Frage zum individuell vergebenen Verzeichnisnamen: Eine PC-GUID im Verzeichnisnamen `a la MS ist daher auszuschließen, aber wie erklärt sich dann diese individuelle  Namensbildung?

----------


## Rampage

@LX Ben: Schreib mal bitte nicht ganz so verklauselt.
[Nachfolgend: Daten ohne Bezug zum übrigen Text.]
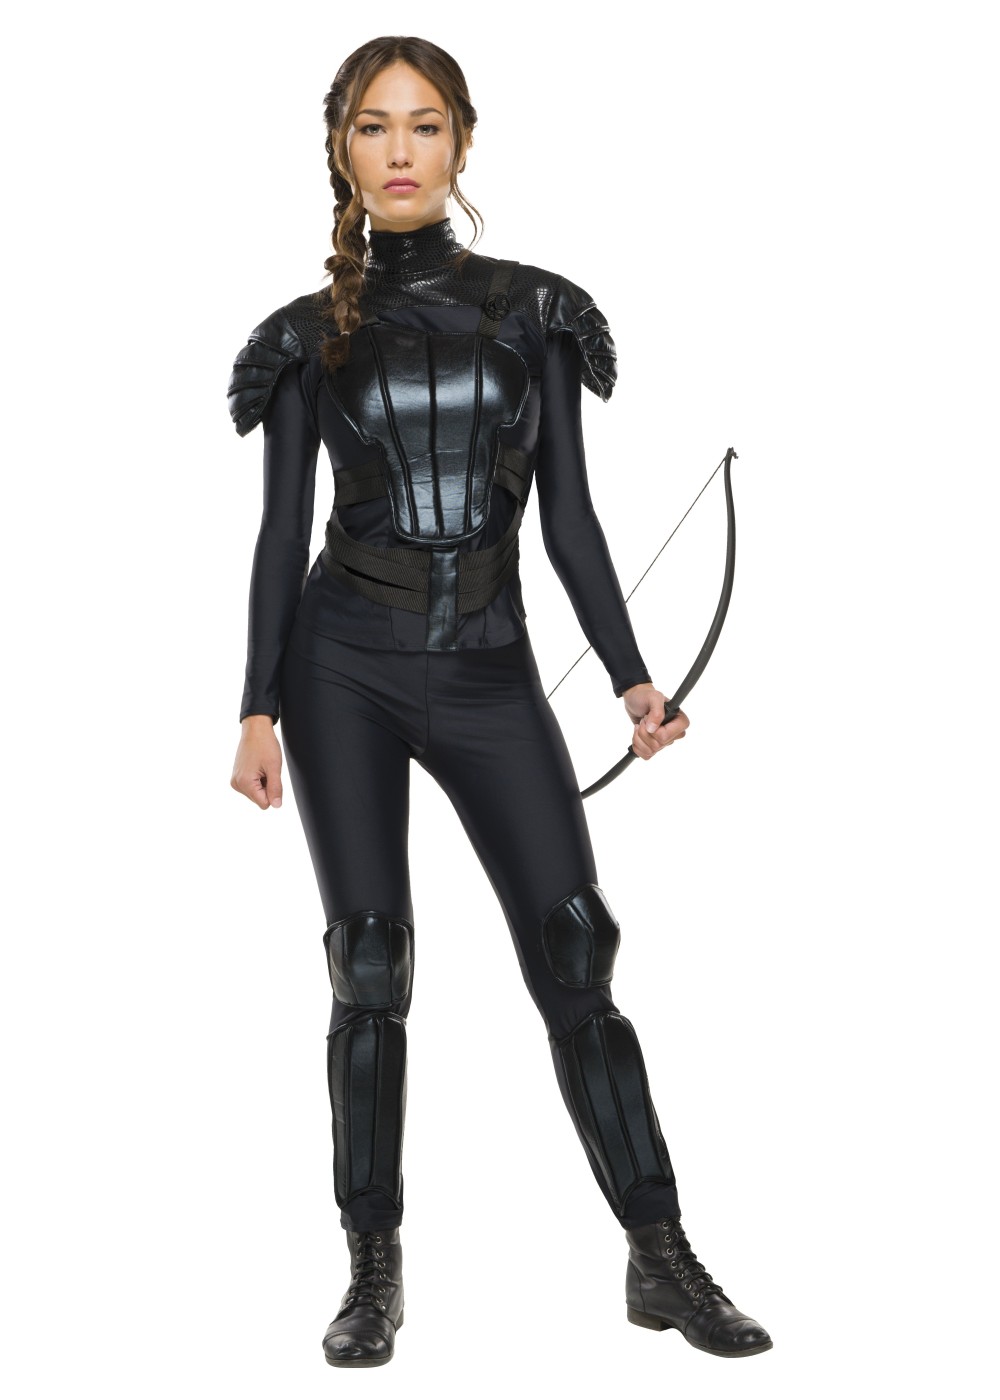 Hunger Games Mockingjay Part 2 Katniss Everdeen Costume

Mir brummt schon der Kopf.  :Big Grin: 

Zum Thread:

Was man auch noch ändern kann sind folgende Zeilen (nach Eingabe von "about**:config" in der Eingabezeile):

  network.http.pipelining   auf "true"
  network.http.pipelining.firstrequest   auf "true"
  network.http.pipelining.maxrequests   auf "100"
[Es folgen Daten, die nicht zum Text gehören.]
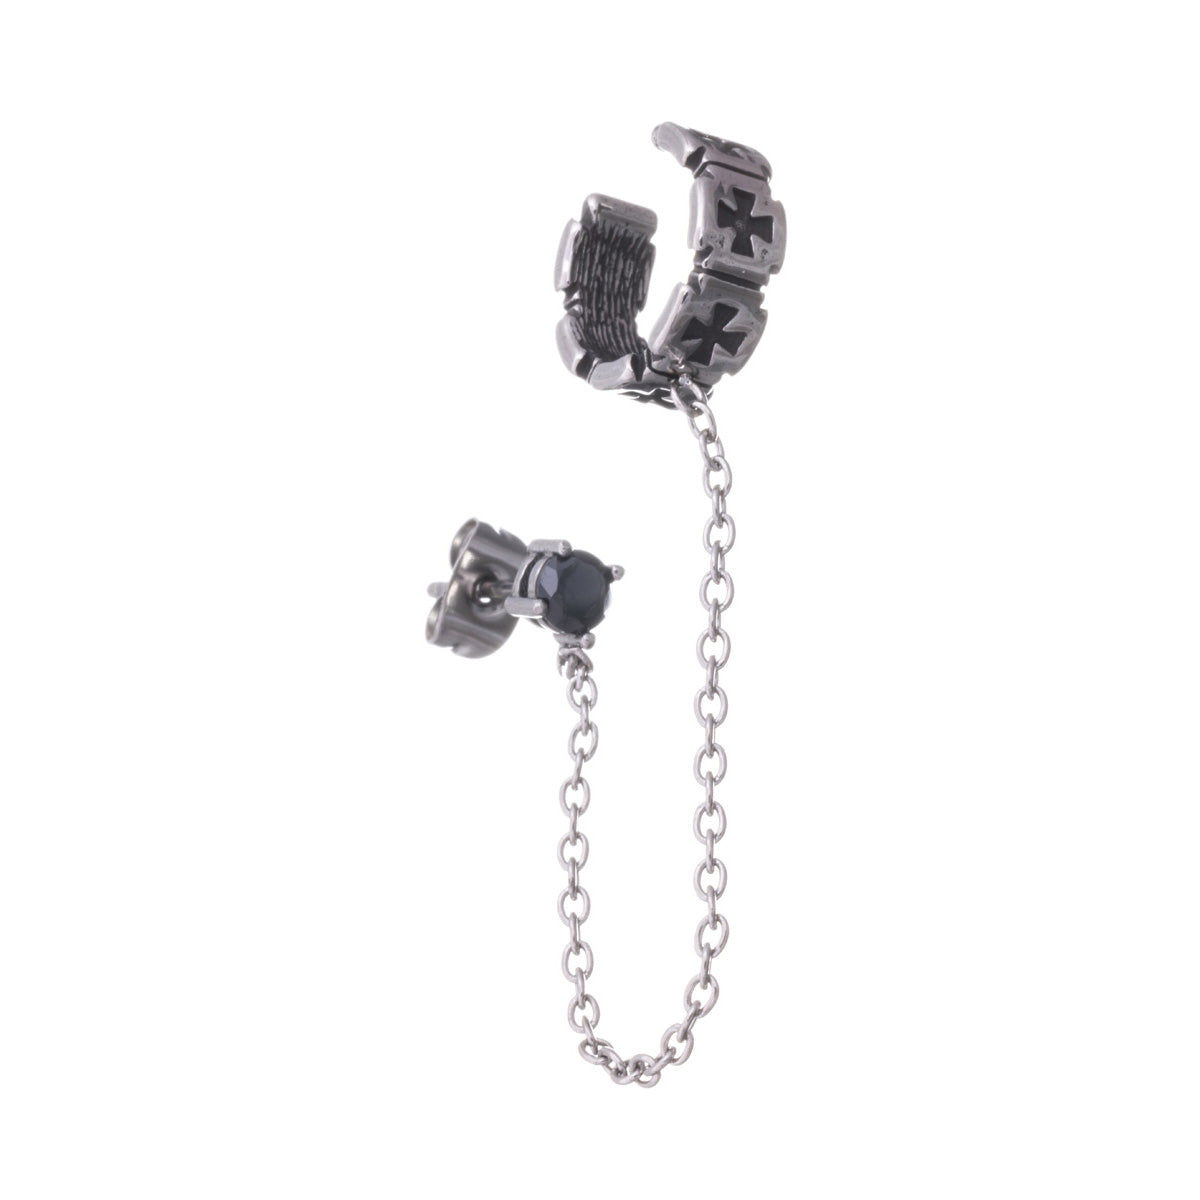 Iron cross ear cuff chain earring 1pc (Steel 316L)

Hoffe mal, ich hab's im Thread nicht überlesen.

----------


## LX-Ben

OK, kann sich wohl nur um den Begriff GUID handeln, der für 'Kenner' selbstsprechend ist --> http://www.google.de/search?q=GUID+A...a=lr%3Dlang_de

Kurzgefasst handelte es sich um den gescheiterten Versuch von Microsoft und Intel in 1999, den PC-Nutzern eine heimliche 'GlobalUserID' unterzujubeln, die sie weltweit identifizierbar gemacht hätten! Beispielsweise dieser Kurzauszug:




> GUID = Globally Unique Identifiers, z.B. 
>           individuelle Seriennummer des Intel-Prozessors Pentium III 
>           GUID von Microsoft bei Online-Registrierung und in Office-Dokumenten (Spezifikation der GUID) 
> 
>      in GUIDs auch Hardware-Spezifika kodiert, z.B. bei der Microsoft-GUID die pro Netzkarte eindeutige MAC-Adresse (Media
>      Access Control) 
> 
>      zunächst war umstritten, ob eine Person / ein Rechner mit Hilfe der MS-GUID identifizierbar ist, aber dann Einsatz zum erfolgreichen Aufspüren des Verursachers des Makrovirus Melissa..

----------


## Sonny

ich kann den Eintrag
user_pref("nglayout.initialpaint.delay", 0); 
hinzufügen, aber bei nächsten Start wird er von firefox gelöscht.
Merkwürdig.

----------


## pippi

... in der "user.js" doch wohl eher nicht? Du schreibst den Eintrag in die "prefs.js" und diese wird vielleicht sogar neu geschrieben, weil Du den Schreibzugriff ("chmod -w prefs.js") noch erlaubst? 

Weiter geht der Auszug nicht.